=== Section Start ===

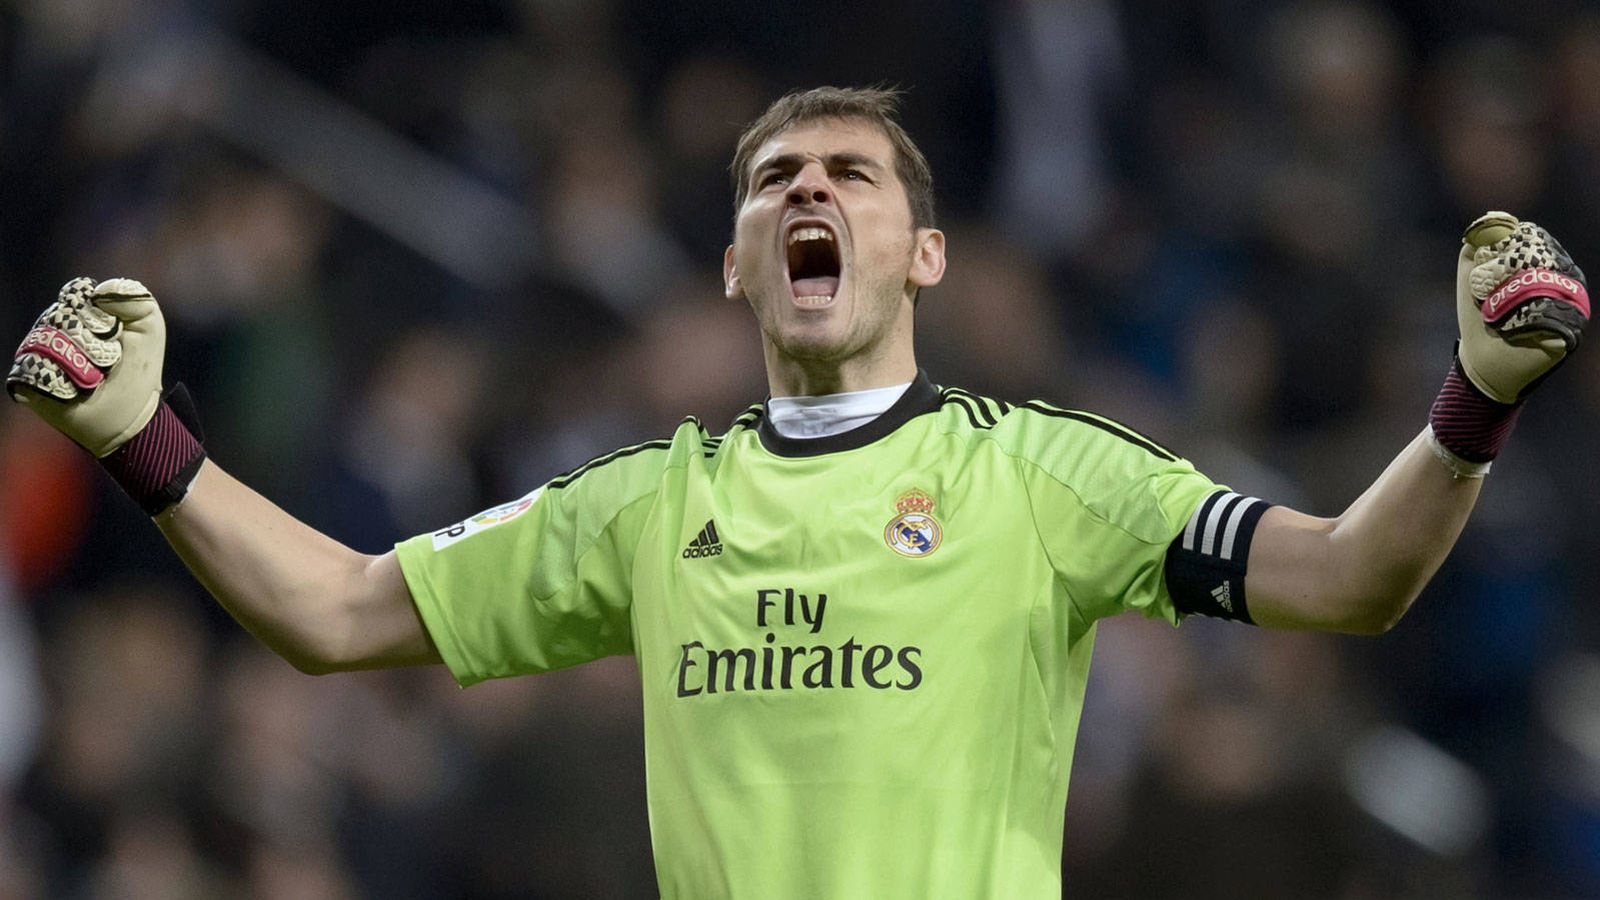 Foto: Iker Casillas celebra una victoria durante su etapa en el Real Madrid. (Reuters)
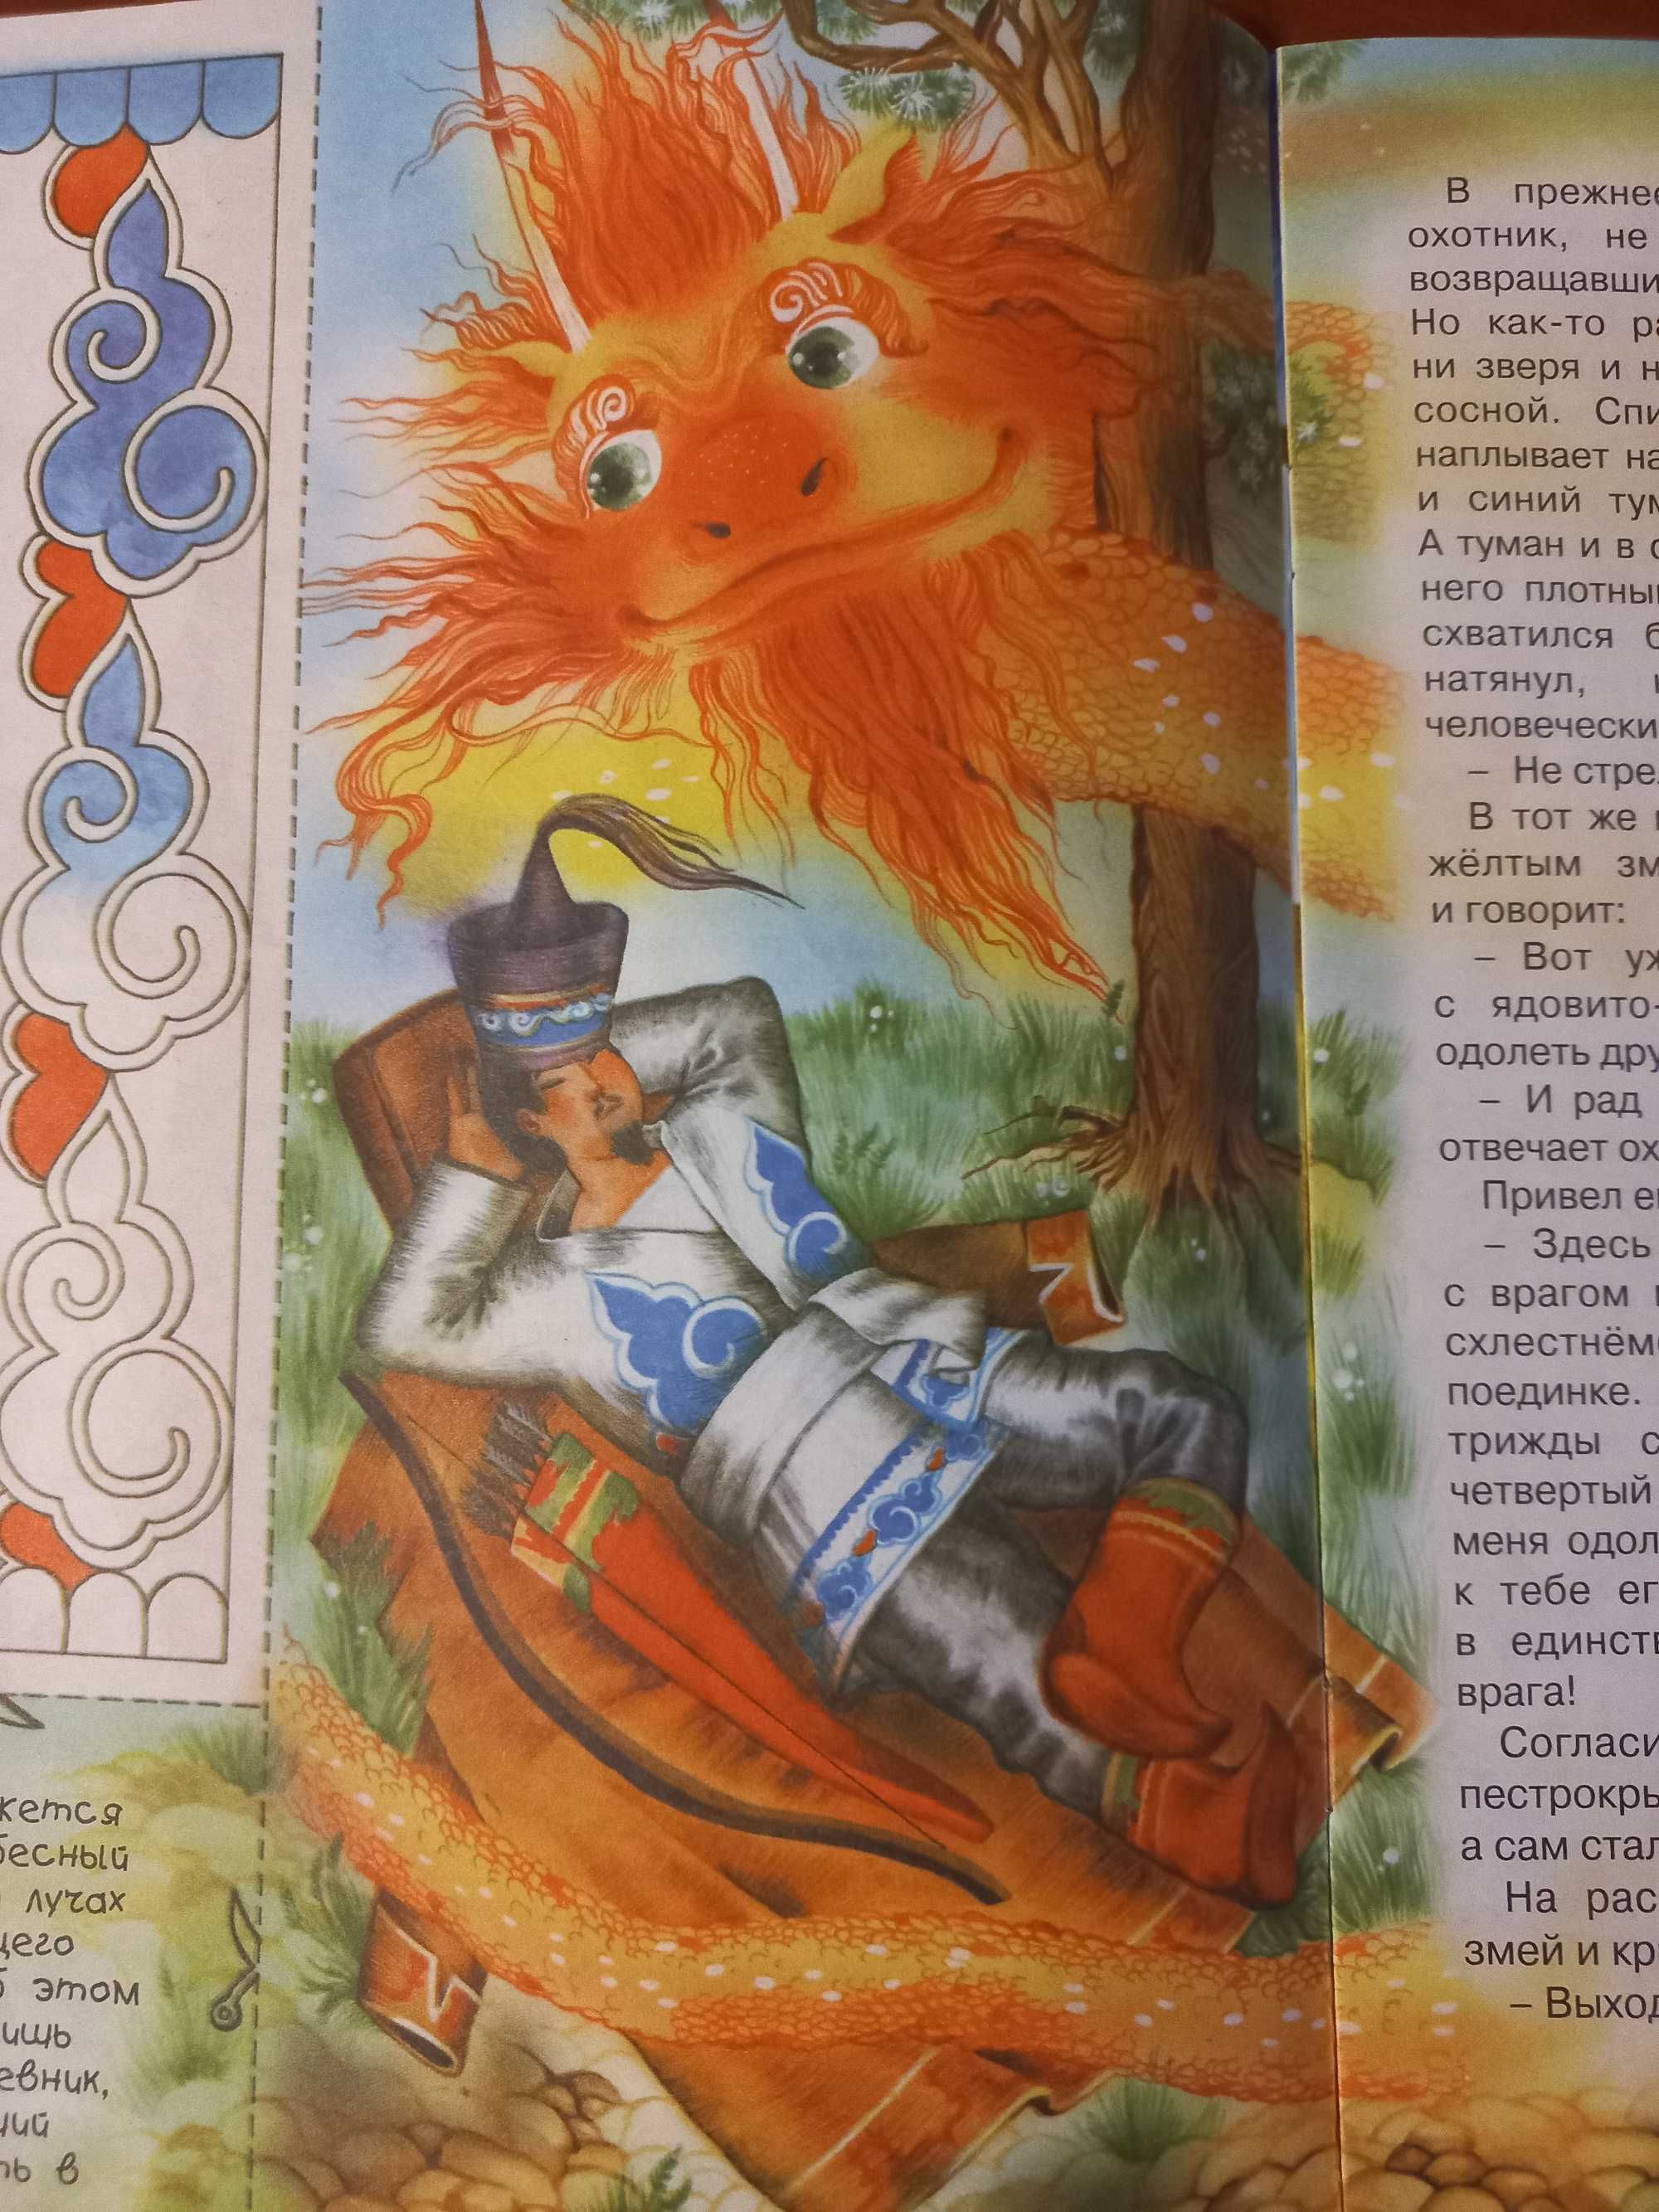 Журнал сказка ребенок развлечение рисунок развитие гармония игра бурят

=== Section End ===
=== Section Start ===

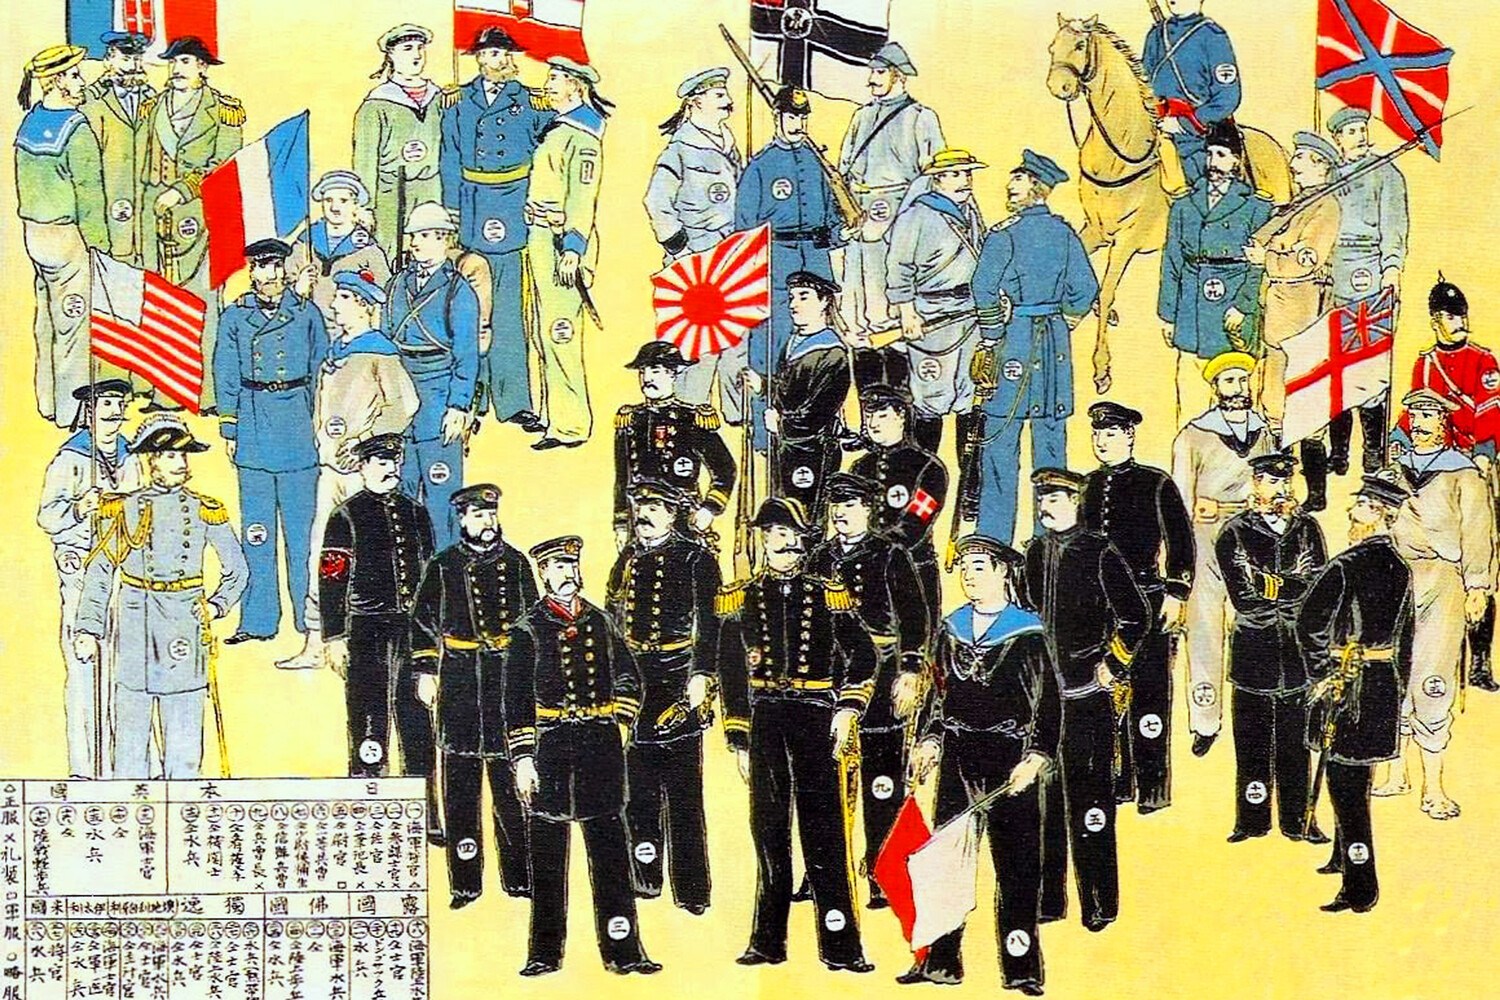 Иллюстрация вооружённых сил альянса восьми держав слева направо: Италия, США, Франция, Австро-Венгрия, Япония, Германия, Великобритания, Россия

=== Section End ===
=== Section Start ===

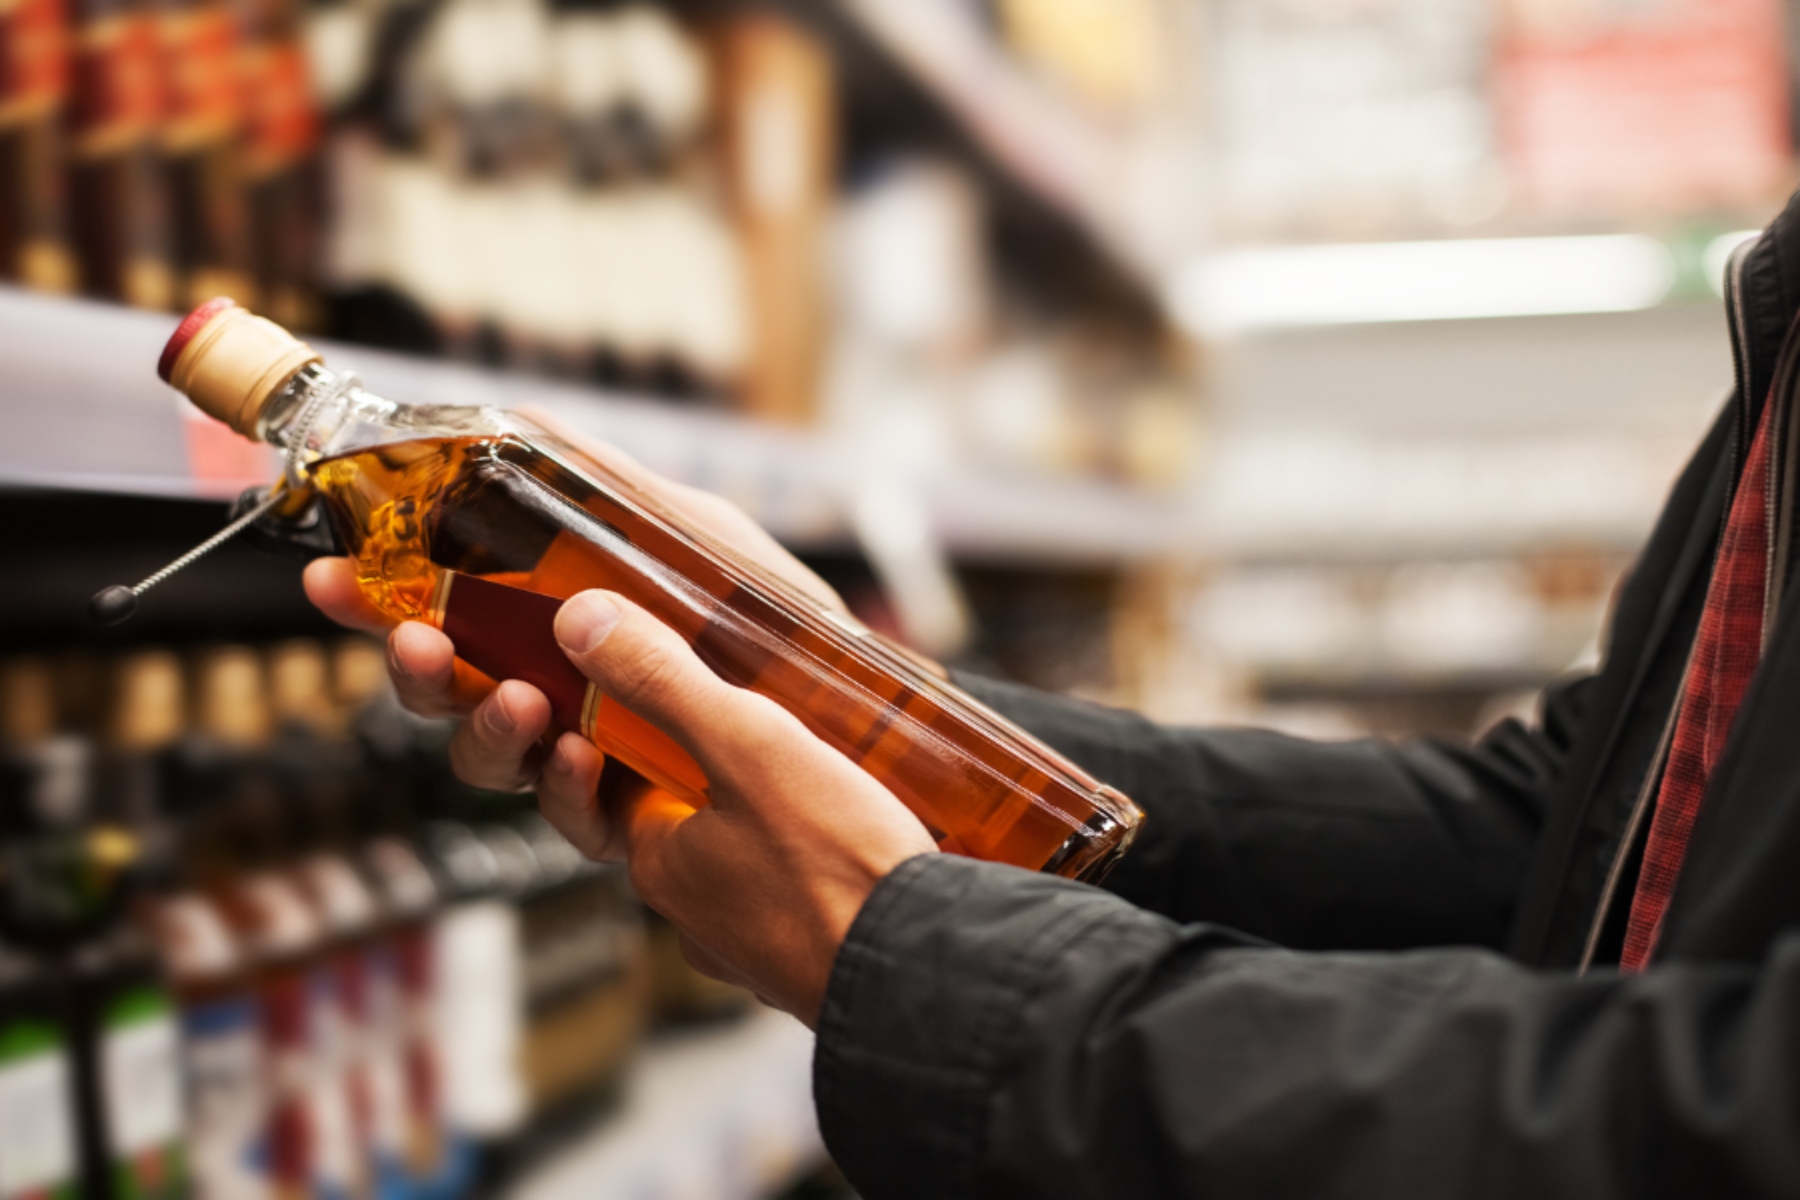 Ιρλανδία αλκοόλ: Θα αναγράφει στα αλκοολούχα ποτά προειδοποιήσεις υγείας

=== Section End ===

WHAT IS BEING ASKED
Would you please reproduce the entries above, starting at the line with "Foto: Iker Casillas" and stopping after the line with "Журнал сказка ребенок"? Omit any pictures.

ANSWER TO THIS TASK
 Foto: Iker Casillas celebra una victoria durante su etapa en el Real Madrid. (Reuters)
 Журнал сказка ребенок развлечение рисунок развитие гармония игра бурят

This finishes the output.